▶ _Supplied material_:
# # # # # # #

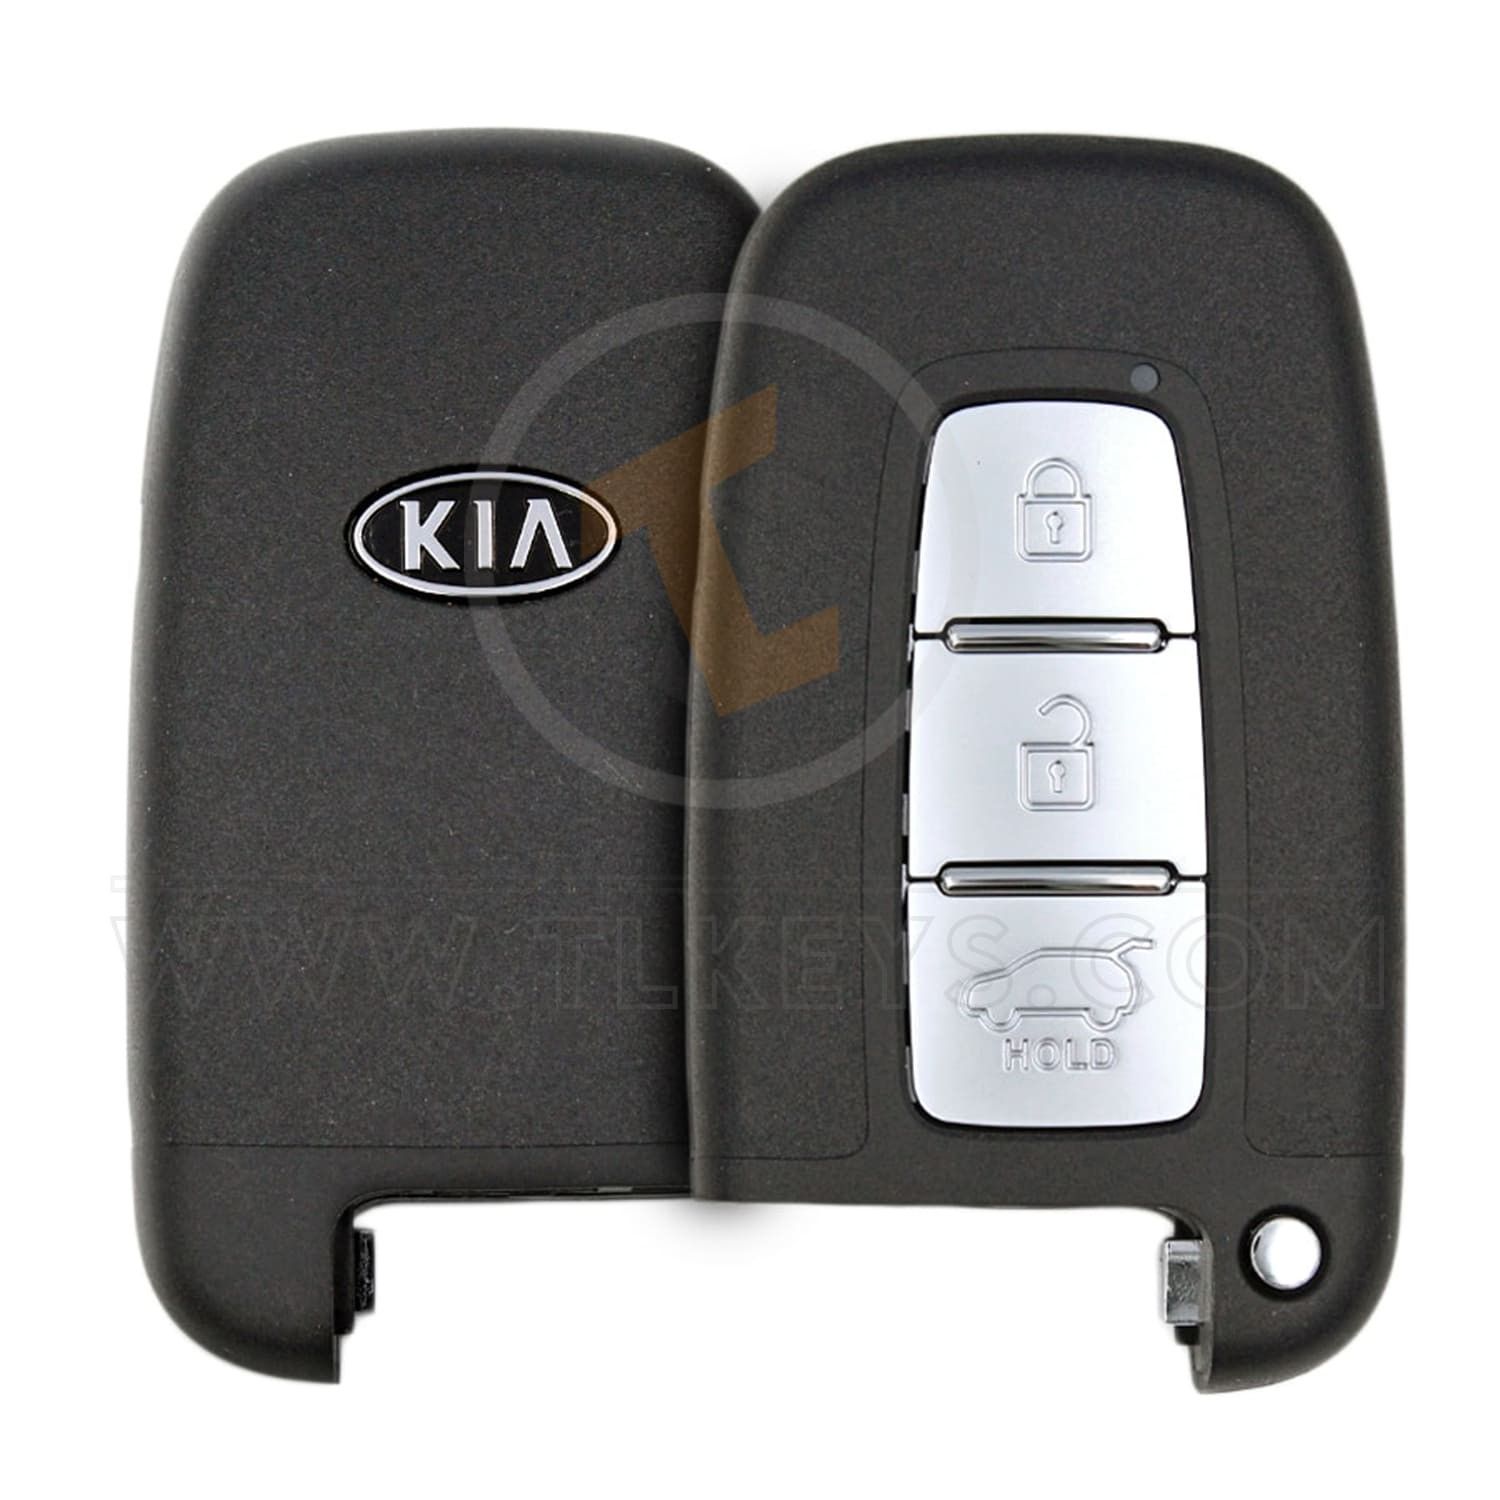 Genuine Kia Sportage Smart Proximity P/N: 95440-3W200 433MHz Frequency 433MHz
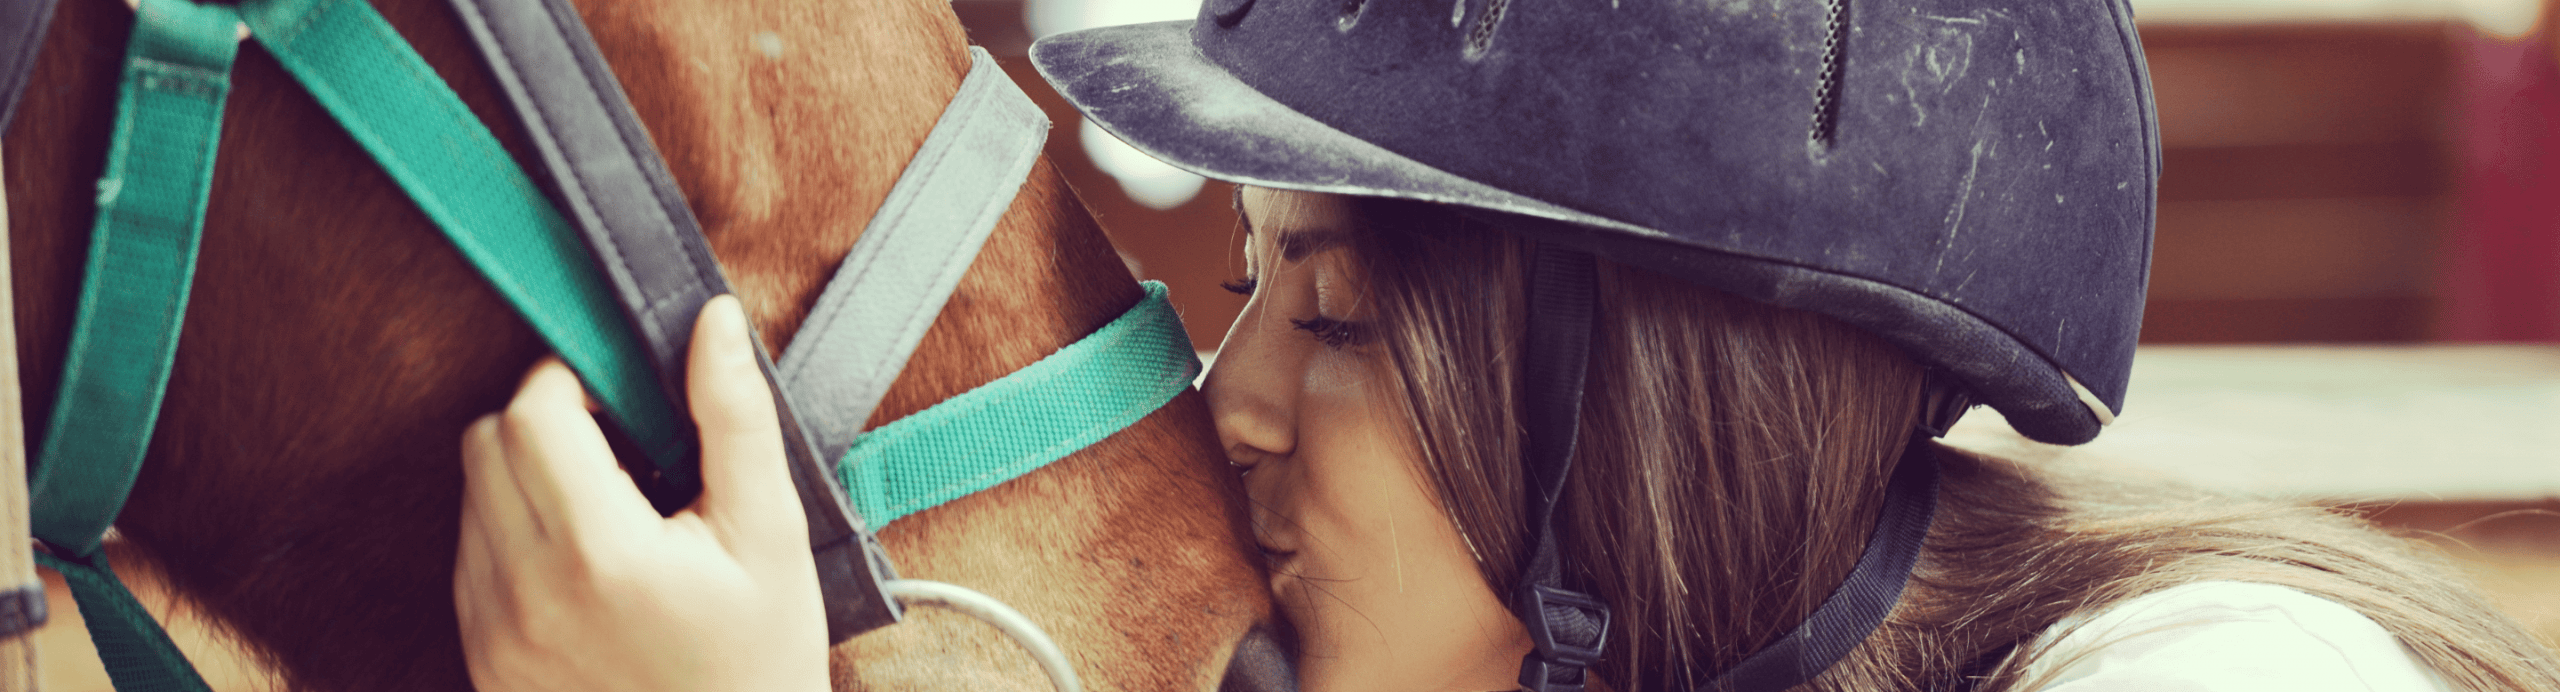 paardenvoer kopen online bij Equilin
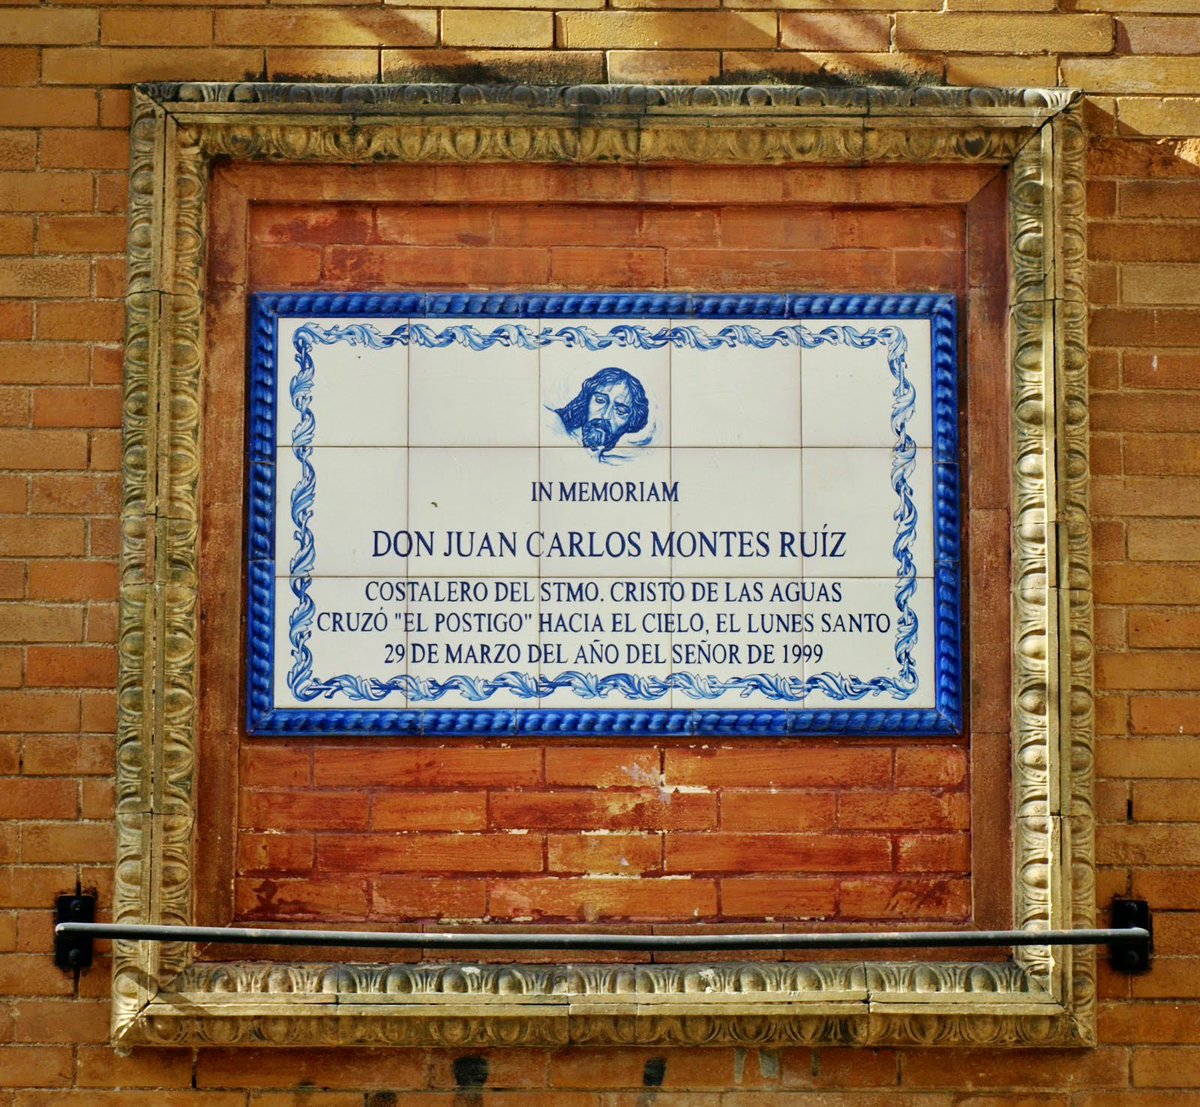 Hoy se cumplen 25 años del fallecimiento de Juan Carlos Montes en el arco del postigo. 25 años en la cuadrilla del cielo de la @hdadlasaguas. Nuestro recuerdo a la hermandad y a su familia.
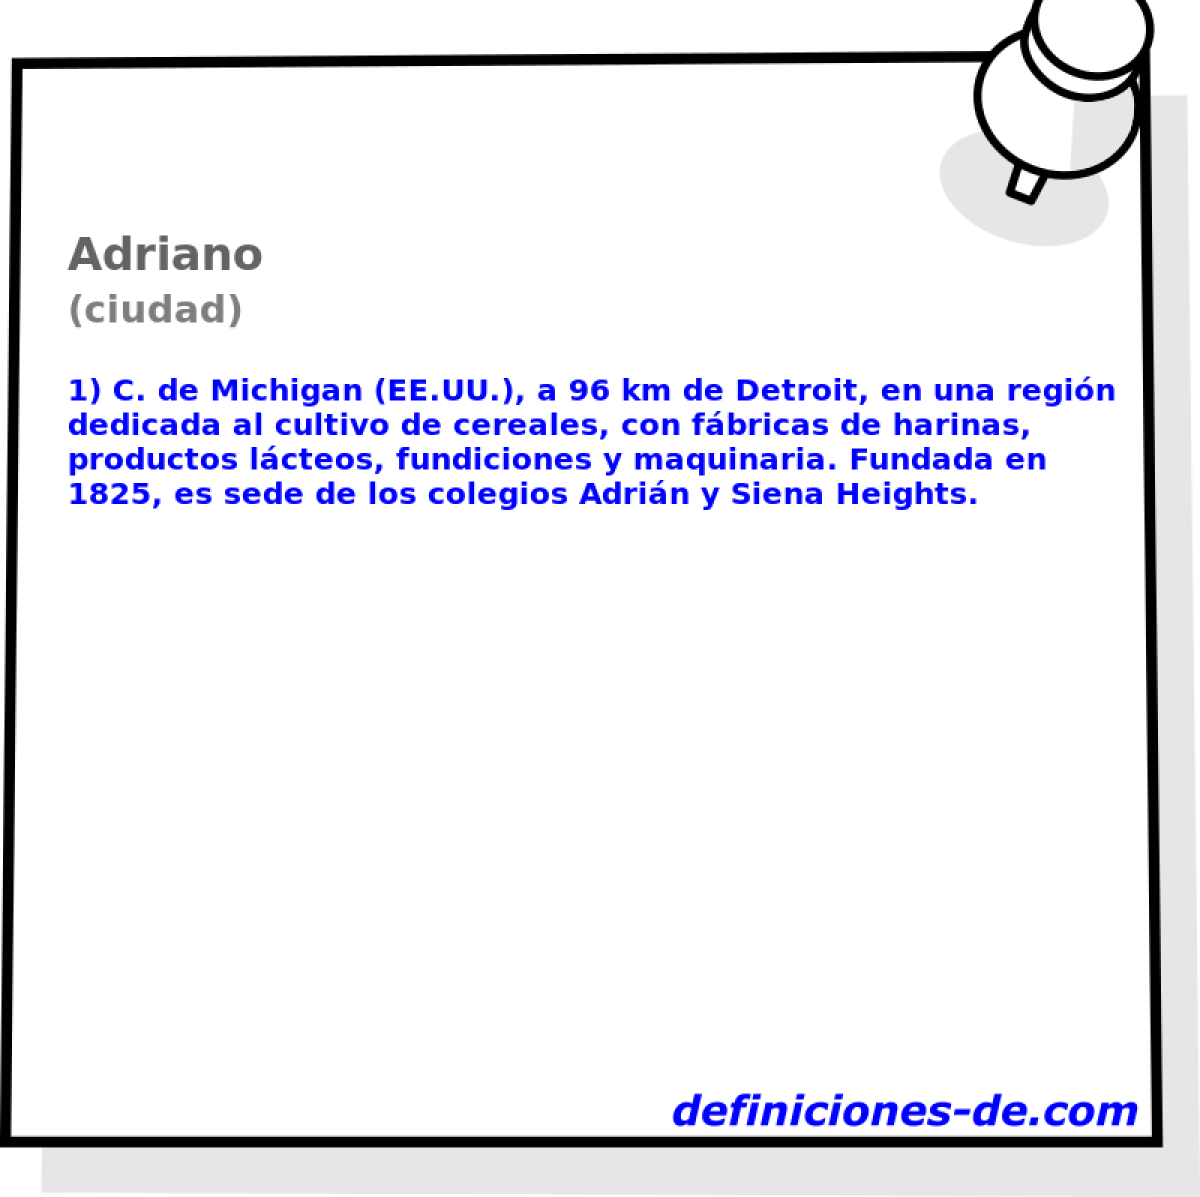 Adriano (ciudad)

# # # # # # #

▶ _What the task asks_: Set down word for word the lines beginning with the one containing "paardenvoer kopen online bij Equilin" and ending with the last line of the listing, inclusive. Omit every picture.

▶ _Solution to this exercise_:
 paardenvoer kopen online bij Equilin
 Hoy se cumplen 25 años del fallecimiento de Juan Carlos Montes en el arco del postigo. 25 años en la cuadrilla del cielo de la @hdadlasaguas. Nuestro recuerdo a la hermandad y a su familia.
 Adriano (ciudad)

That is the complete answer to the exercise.